Activity>
Repeat exactly the lines of the records below, starting at the line containing "Visitors Taking Photos" and ending at the line containing "Purple flower dumplings". Leave the pictures out.

*** Opening Dataset excerpts ***

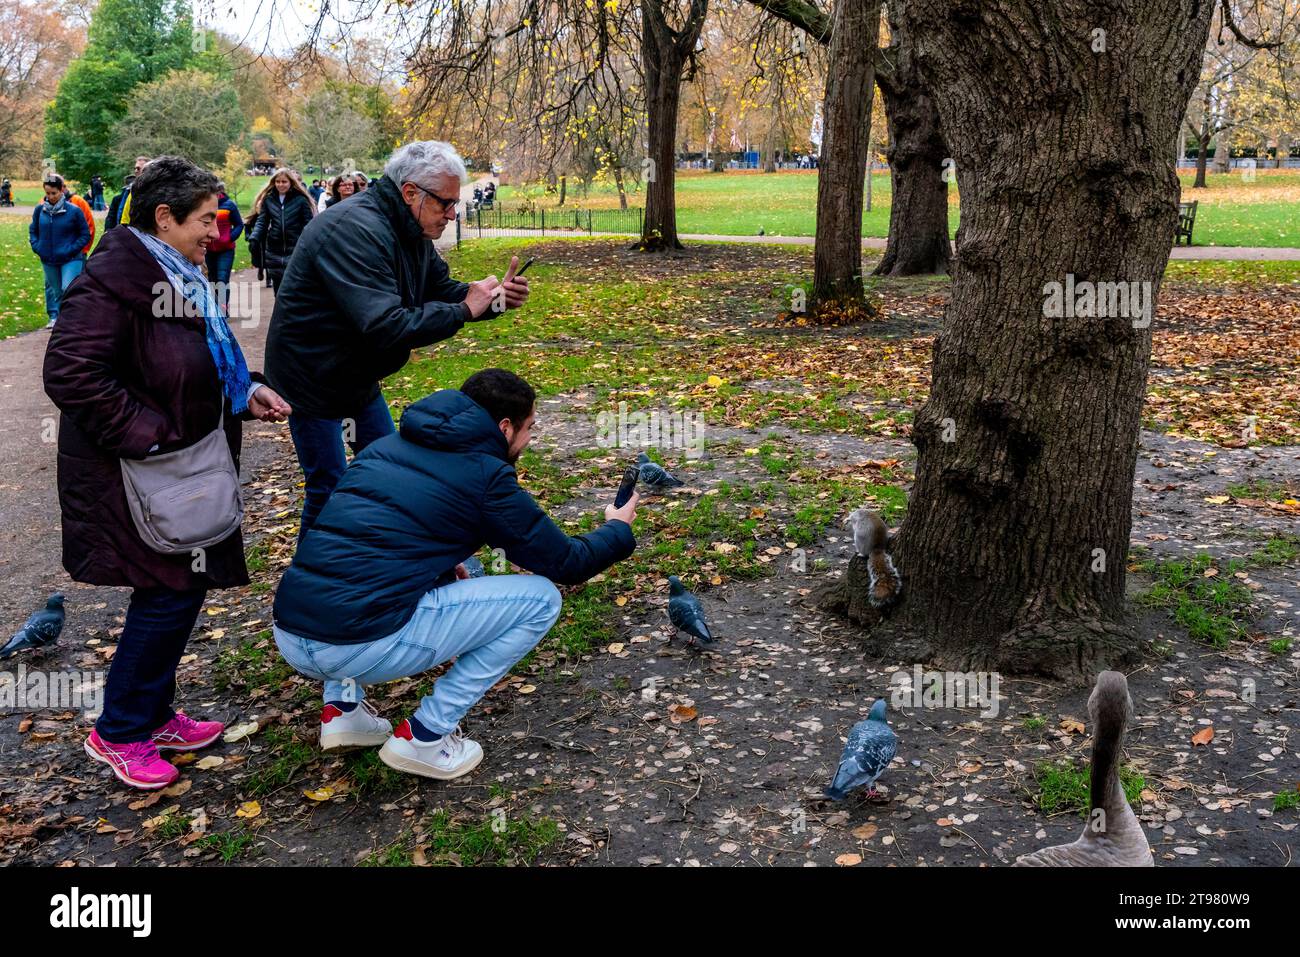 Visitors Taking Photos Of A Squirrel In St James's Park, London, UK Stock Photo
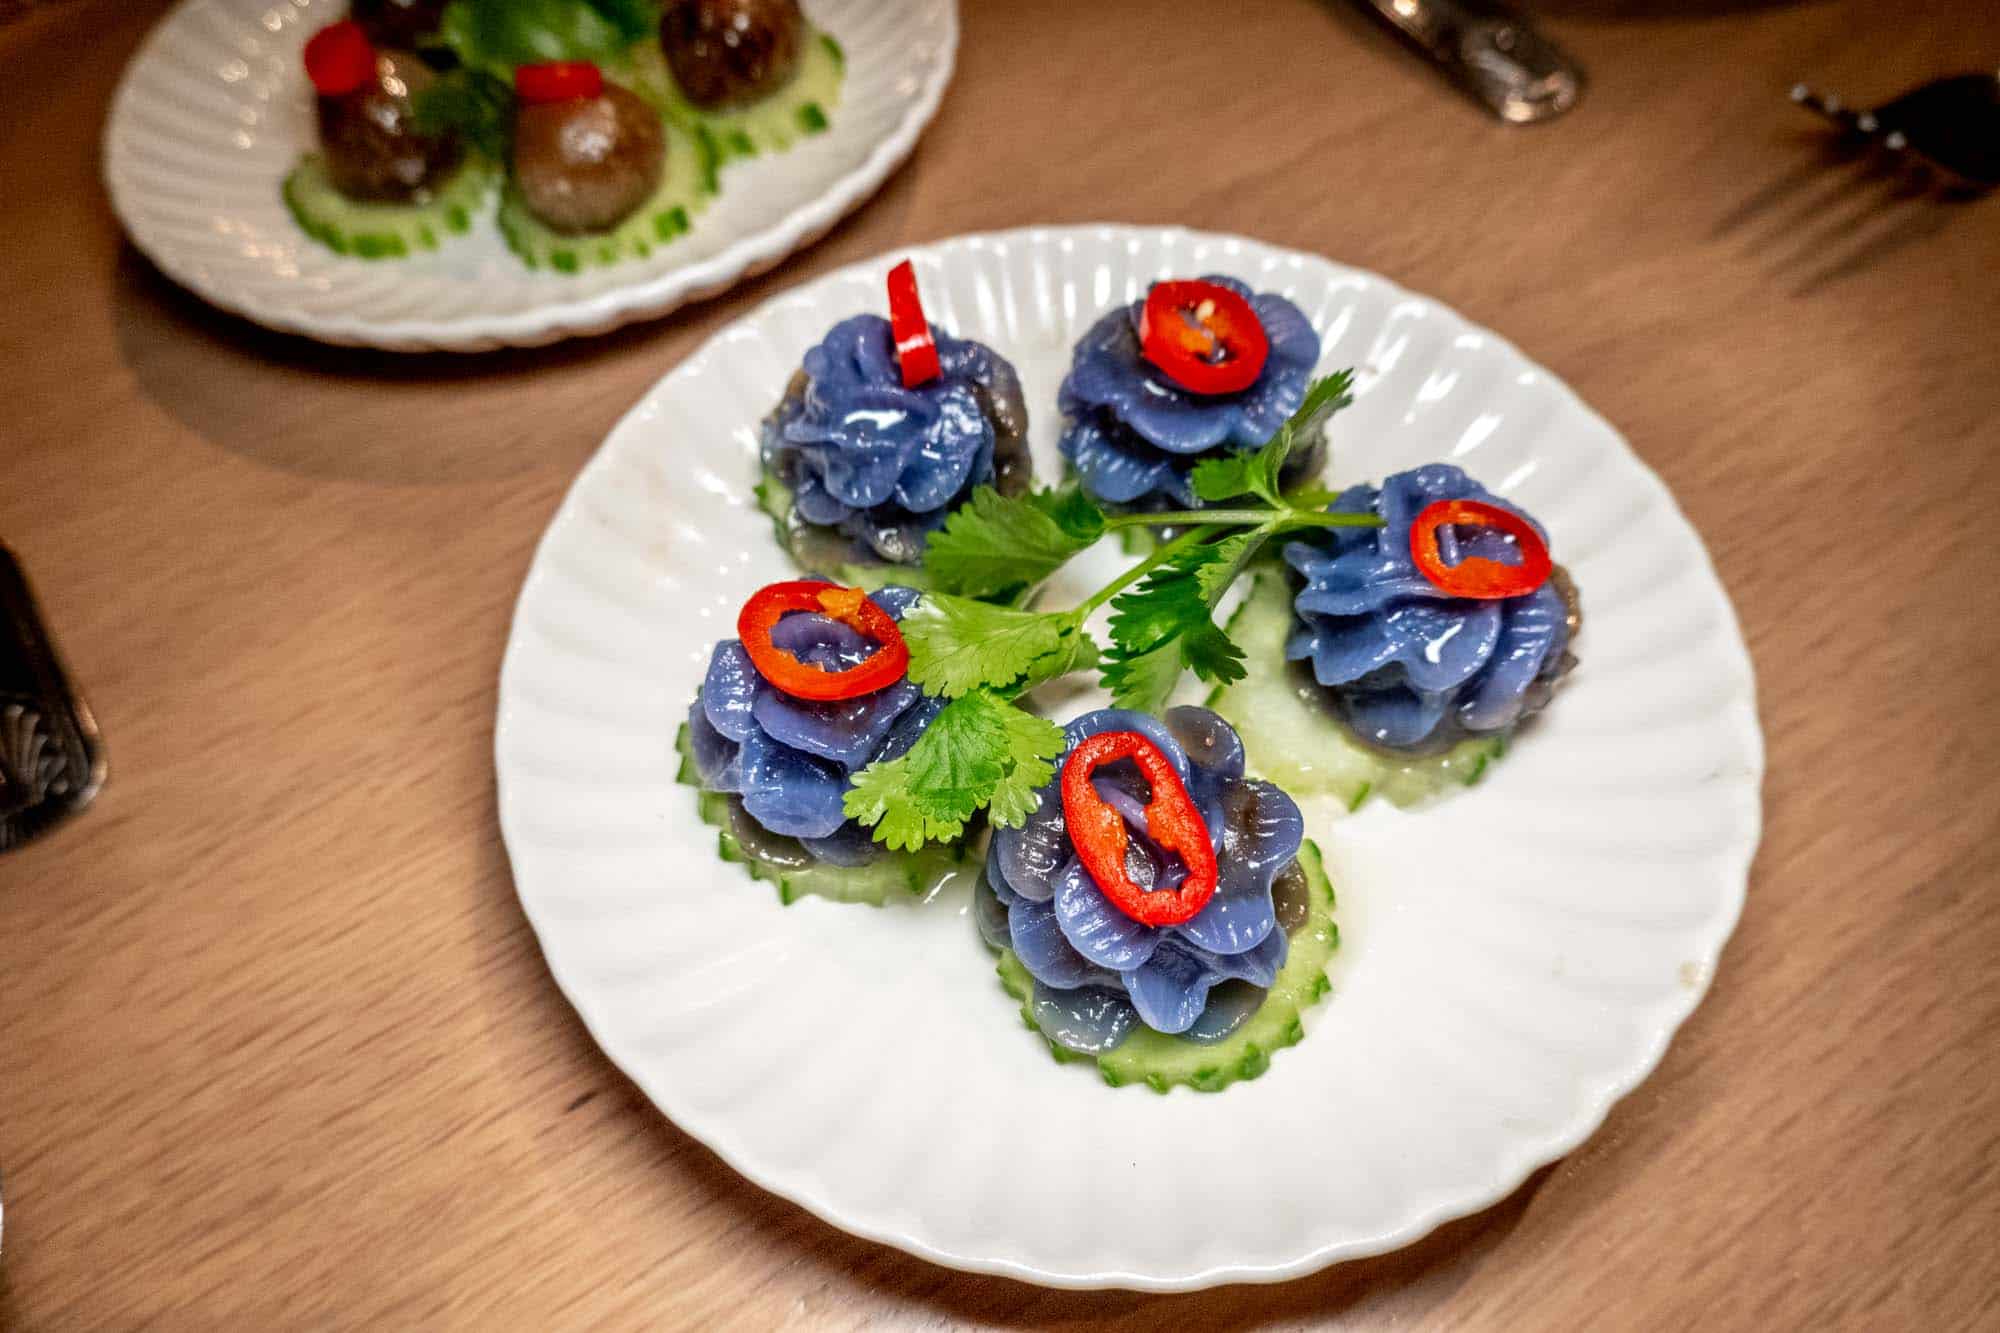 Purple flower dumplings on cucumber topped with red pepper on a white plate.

*** Closing Dataset excerpts ***
*** Opening Dataset excerpts ***

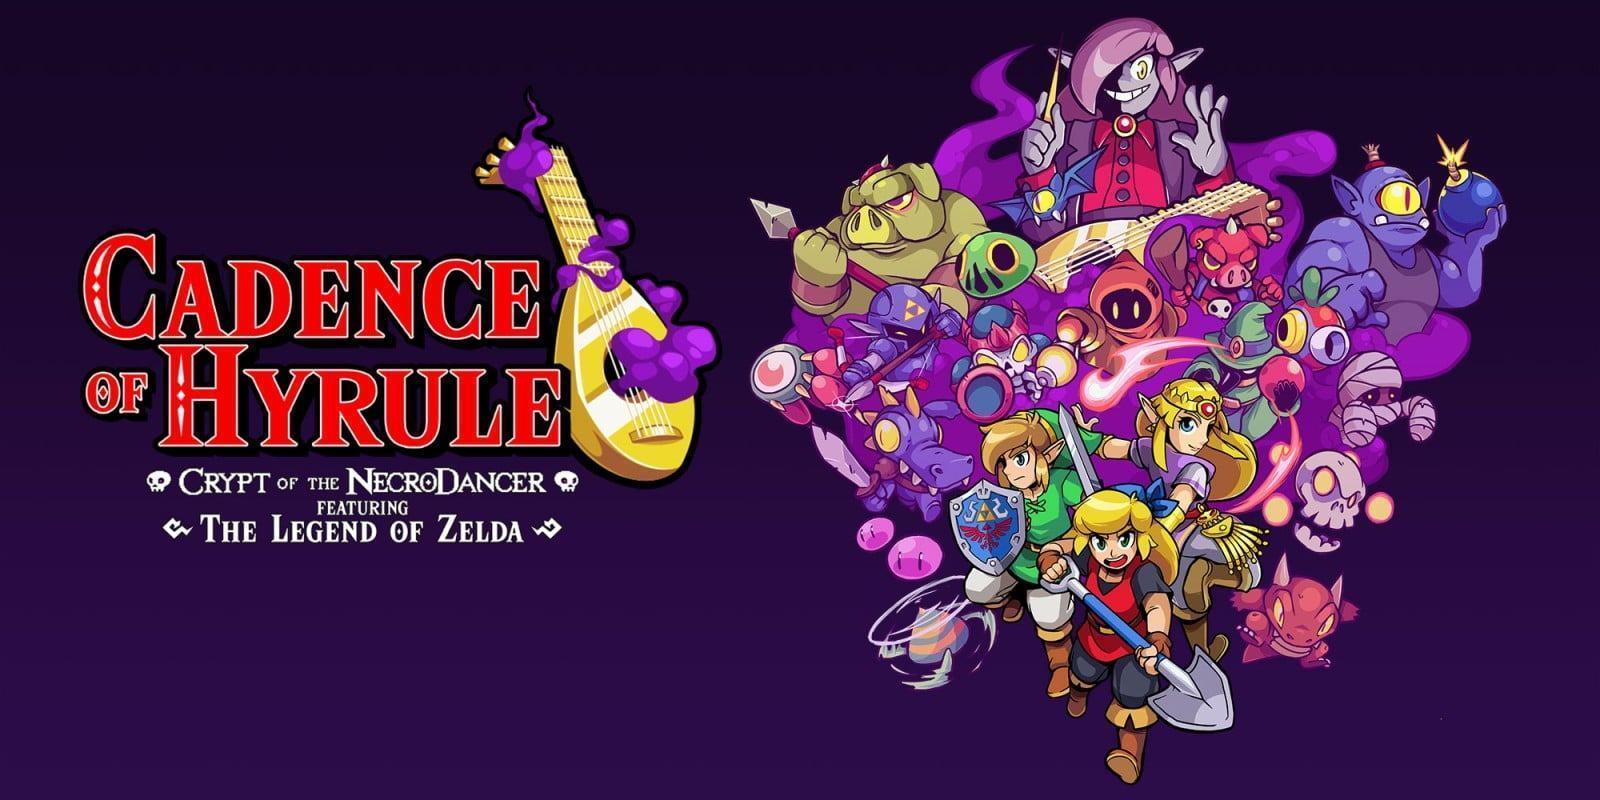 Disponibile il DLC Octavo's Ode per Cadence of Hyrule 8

*** Closing Dataset excerpts ***
*** Opening Dataset excerpts ***

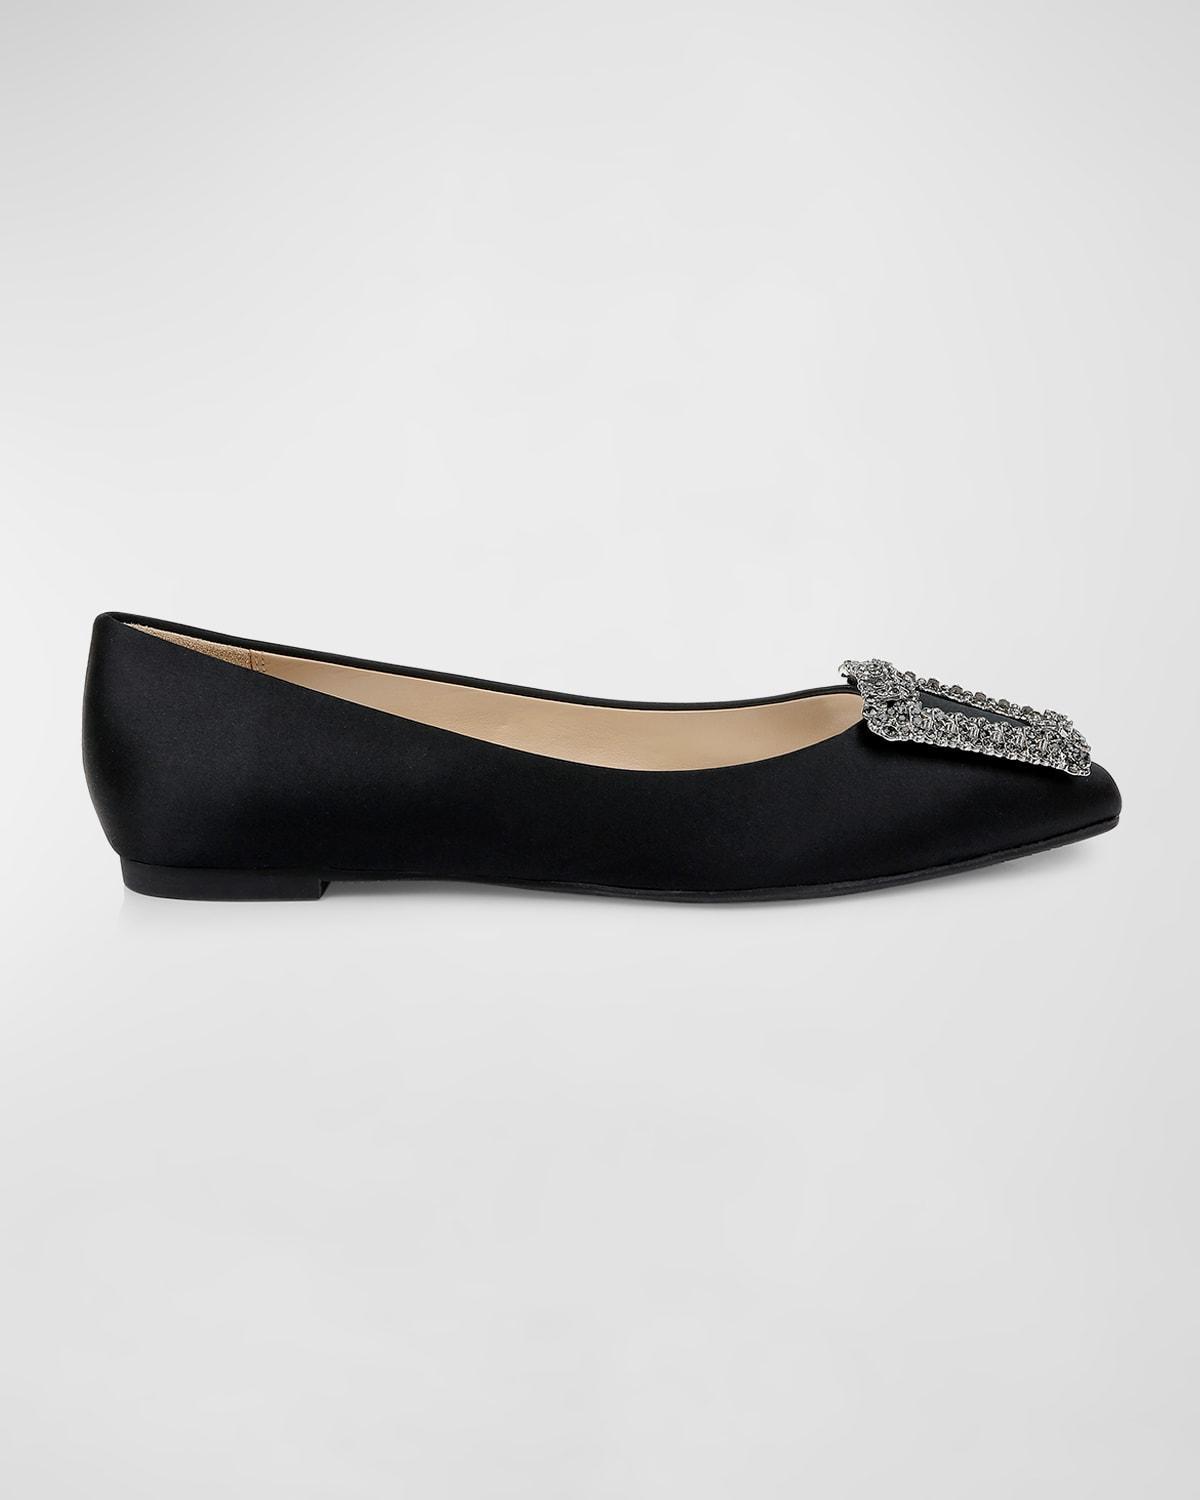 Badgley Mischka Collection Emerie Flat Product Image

*** Closing Dataset excerpts ***

Answer box>
 Visitors Taking Photos Of A Squirrel In St James's Park, London, UK Stock Photo
 Purple flower dumplings on cucumber topped with red pepper on a white plate.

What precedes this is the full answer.